Затасканную фразу Теодора Адорно про «поэзию после Освенцима» нередко толкуют превратно: признавая тотальное поражение западной культуры и говоря о диалектической связи между газовыми камерами и просветительским рационализмом, он никогда не объявлял войны художественному творчеству. Напротив, известный пассаж из «Негативной диалектики» оставляет искусству, согнанному с романтического пьедестала и знающему свое скромное место, некоторые шансы: «Многолетнее страдание — право на выражение, точно так же замученный болезнью человек имеет право брюзжать и ворчать; поэтому неверно, неправильно, что после Освенцима поэзия уже невозможна».
Давно замечено, что у художников Лондонской школы нет единой манеры: пастозность красочных слоев у Ауэрбаха и Коссофа, нововещественная четкость контуров и форм у раннего Фрейда, коллажный хаос поп-артовских образов у Китая, сухая и сдержанная, при всей экспрессии, кисть Бэкона — общего почерка, вырабатываемого школой в педагогическом смысле слова, тут не обнаружить.

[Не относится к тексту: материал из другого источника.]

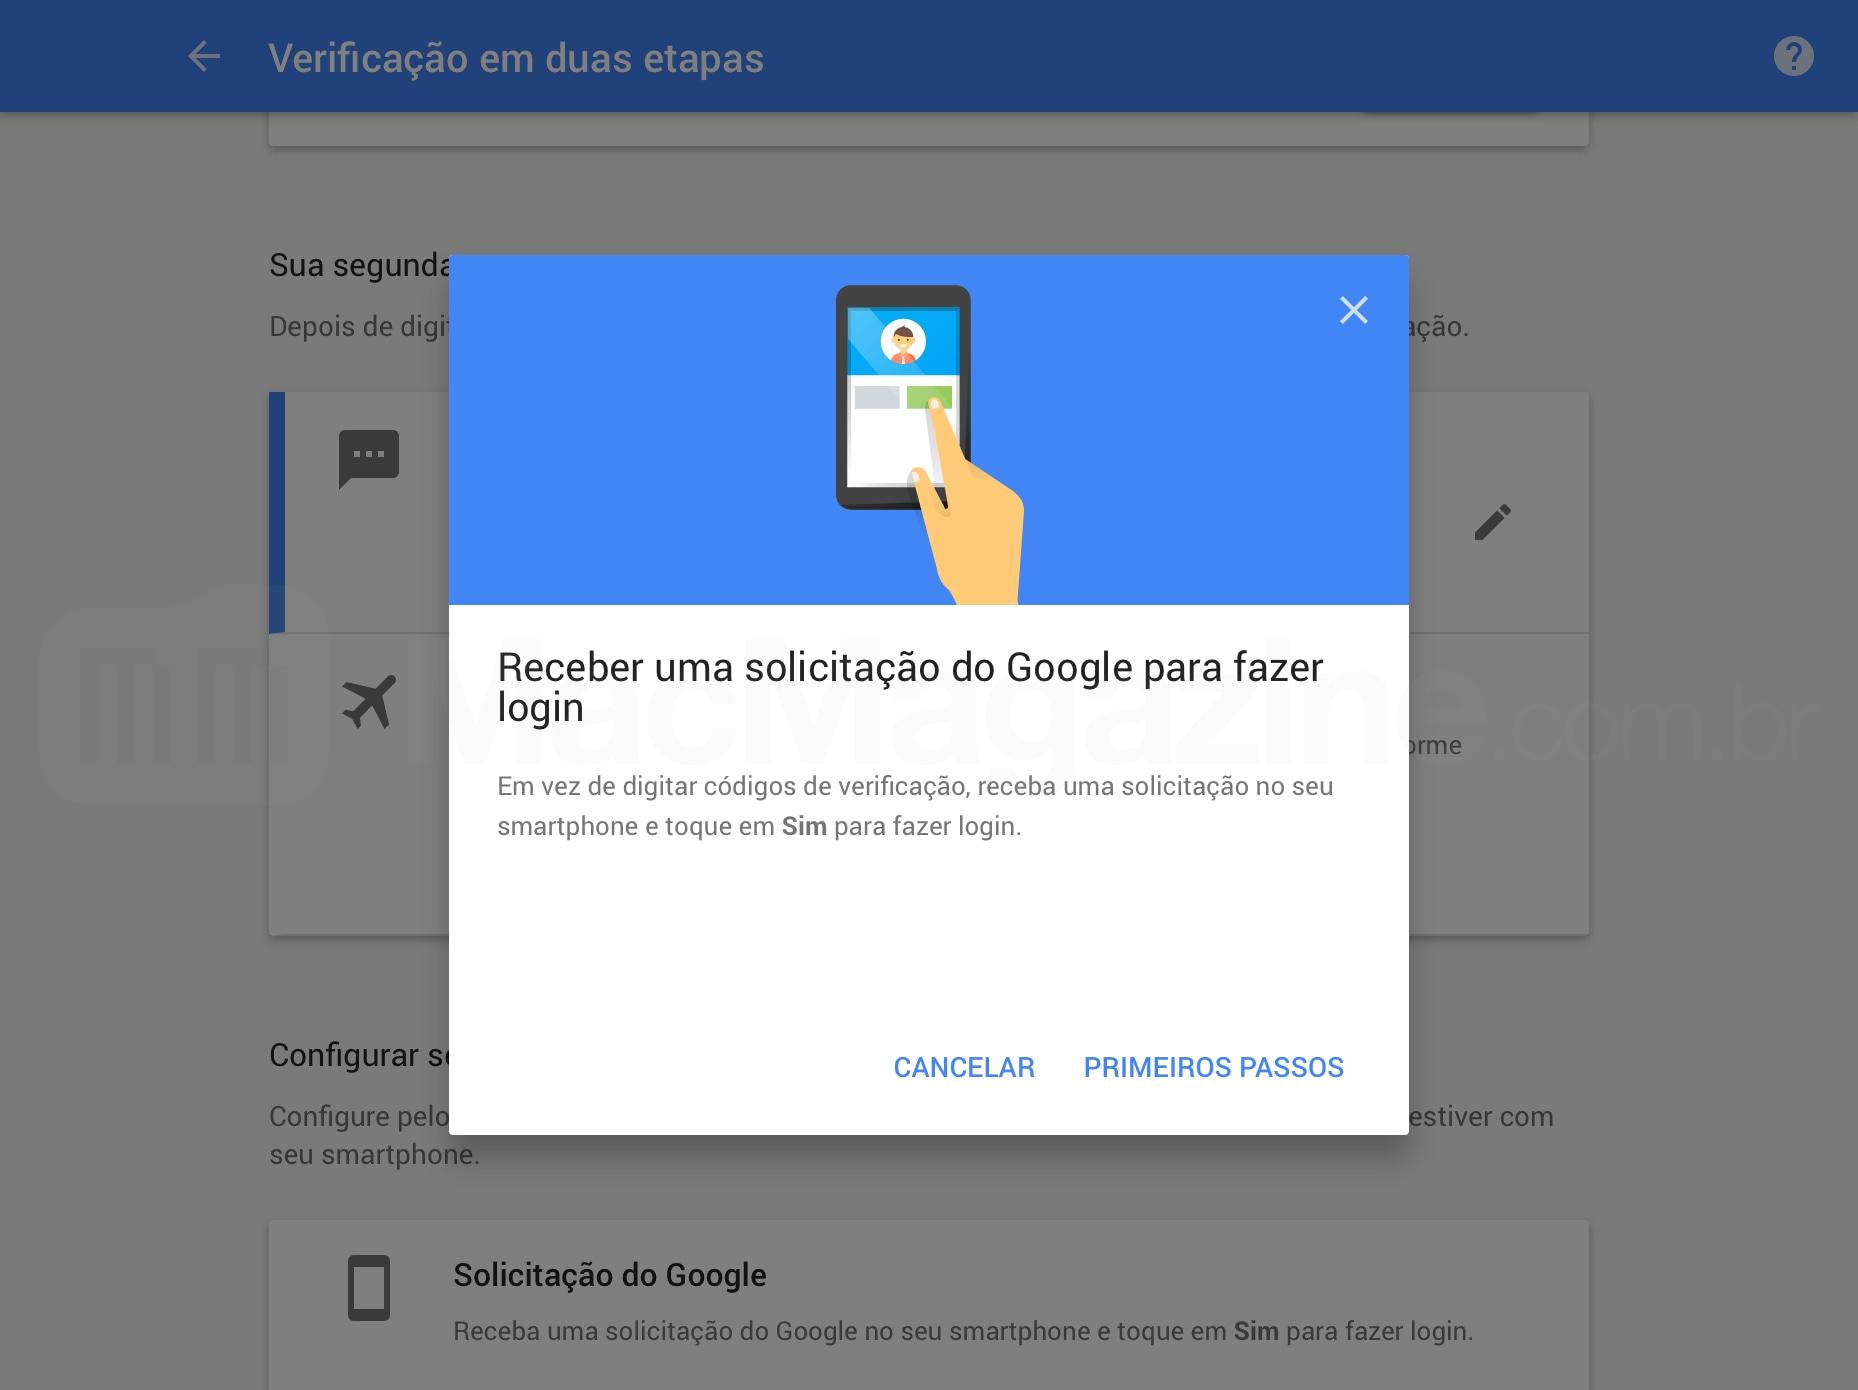 Nova verificação em duas etapas do Google

Однако все лондонцы так или иначе исповедовали принципы экспрессионизма — не направления, не стиля, но духа и мировоззрения, вернее, мирочувствования, дающего «замученному человеку» Адорно «право на выражение». Возможно, это был не только интуитивный, но и сознательный выбор — выбор как акт сопротивления, ведь в нацистской эстетической идеологии экспрессионизм, еврейство и дегенеративность выстраивались в один синонимический ряд. Стилистические корни этого экспрессионизма находят в английской и немецкой традициях — от Макса Бекмана до Уолтера Сиккерта, от Стэнли Спенсера до Отто Дикса, от Грюневальда до Уильяма Блейка. Однако при всем богатстве визуальных впечатлений и выражений новый лондонский экспрессионизм предполагал восприятие мира не столько оптическое, сколько гаптическое и кинестетическое — всем телом и всей кожей, точнее — телом, с которого содрали кожу.